On 12/16/20 5:42 AM, Markus Armbruster wrote:
John Snow <jsnow@redhat.com> writes:

Instead of using None as the built-in module filename, use an empty
string instead.

PATCH 05's changes the module name of the special system module for
built-in stuff from None to './builtin'.  The other system modules are
named like './FOO': './init' and './emit' currently.

This one changes the module *filename* from None to "", and not just for
the builtin module, but for *all* system modules.  Your commit message
claims only "the built-in module", which is not true as far as I can
tell.


Is this true? ... "./init" and "./emit" are defined only in the generators, outside of the schema entirely. They don't even have "QAPISchemaModule" objects associated with them.

I changed:

self._make_module(None) # built-ins

to

self._make_module(QAPISourceInfo.builtin().fname) # built-ins


that should be precisely only "the" built-in module, shouldn't it? the other "system" modules don't even pass through _make_module.

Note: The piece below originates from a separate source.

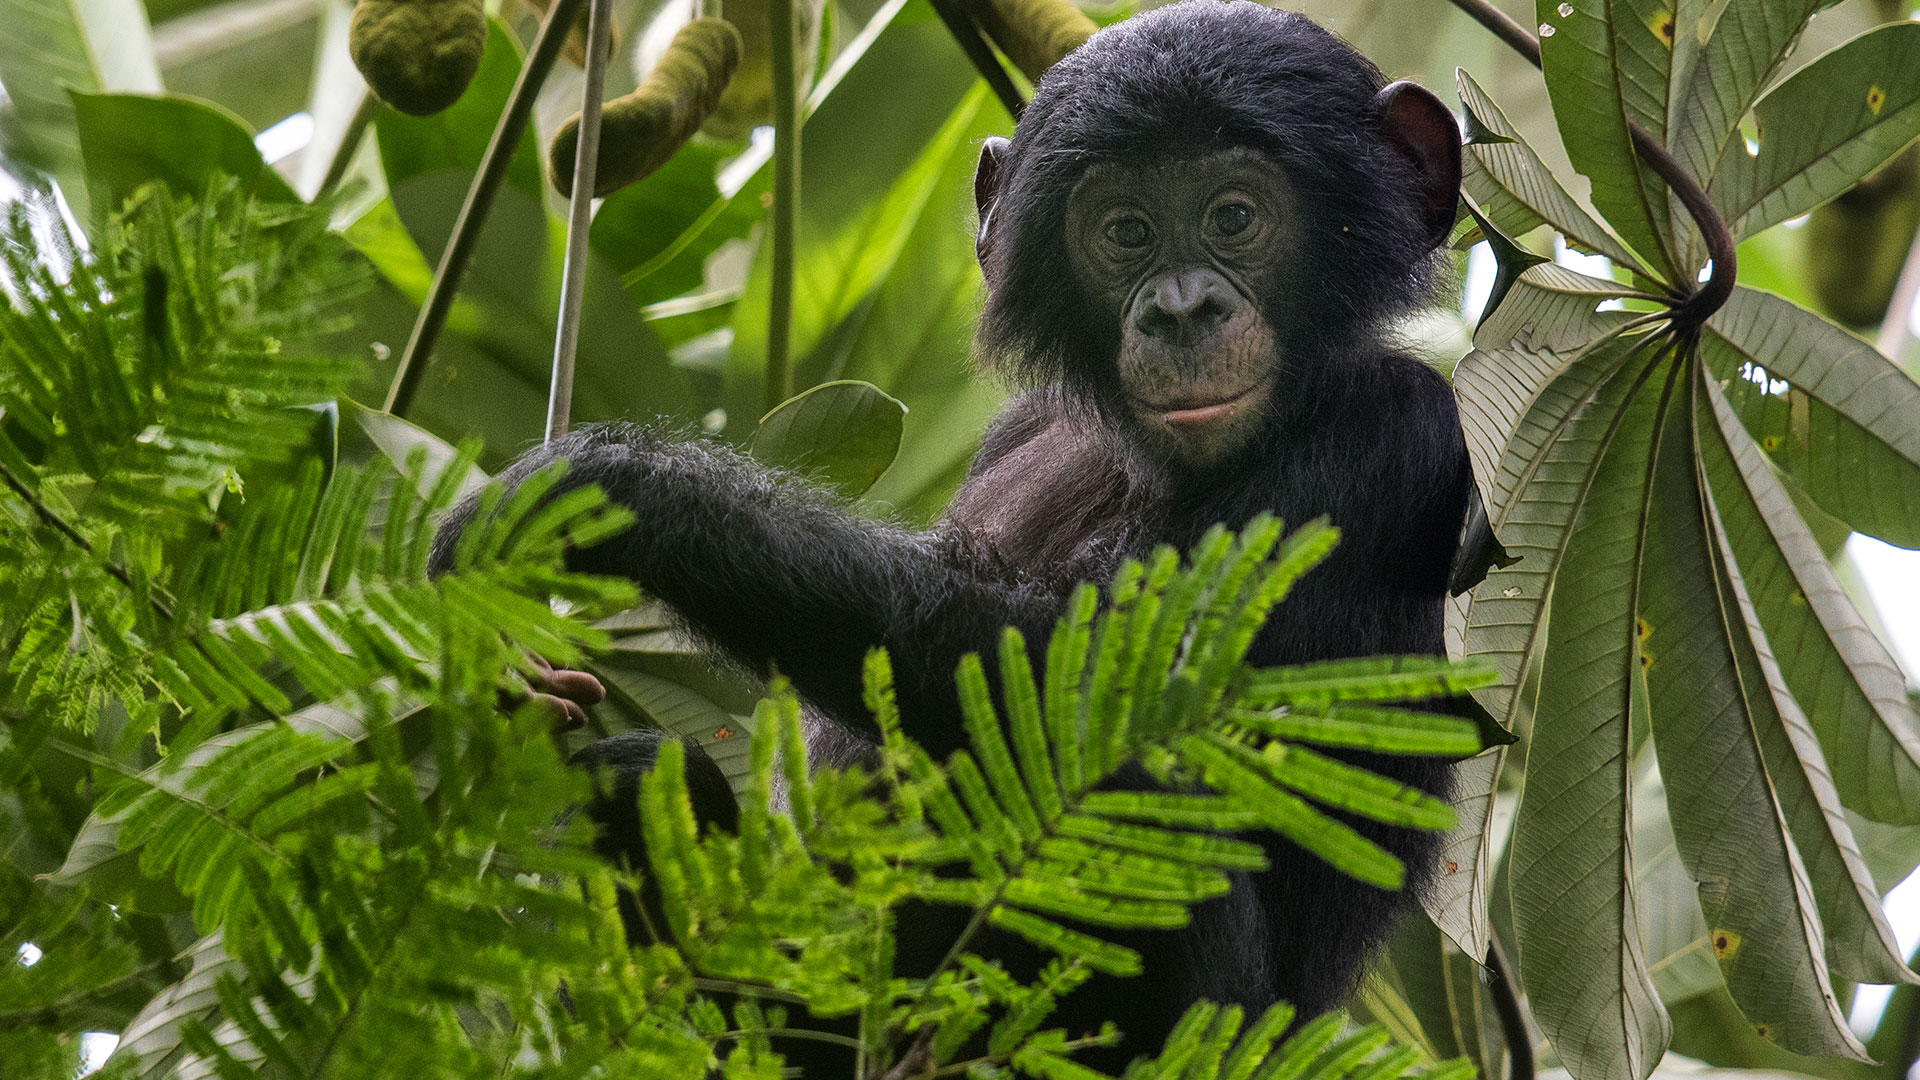 Liebe und Matriarchat am Kongo: Bonobo in seinem Baum

Should we use the opportunity to make the filename match the module
name?


If that's something you want to have happen, it can be done, yes.

I had a draft that did it that way initially; I was afraid I was mixing up two distinct things: the module fname (schema.py's concept of modules) and module name (gen.py's concept of modules). This version of my patch kept the two more distinct like they are currently.

We can change "the" built-in module to have an fname of "./builtin" which works just fine; gen.py just has to change to not add "./" to modules already declared with the leading slash.

Up for debate is if you want the system modules declared in the code generators to have to declare 'emit' or './emit'; I left them alone and allowed them to say 'event'.

Downside: the ./ prefix takes on special meaning in both gen.py and schema.py. the module organization feels decentralized and fragile.

                 This allows us to clarify the type of various interfaces
dealing with module names as always taking a string, which saves us from
having to use Optional[str] everywhere.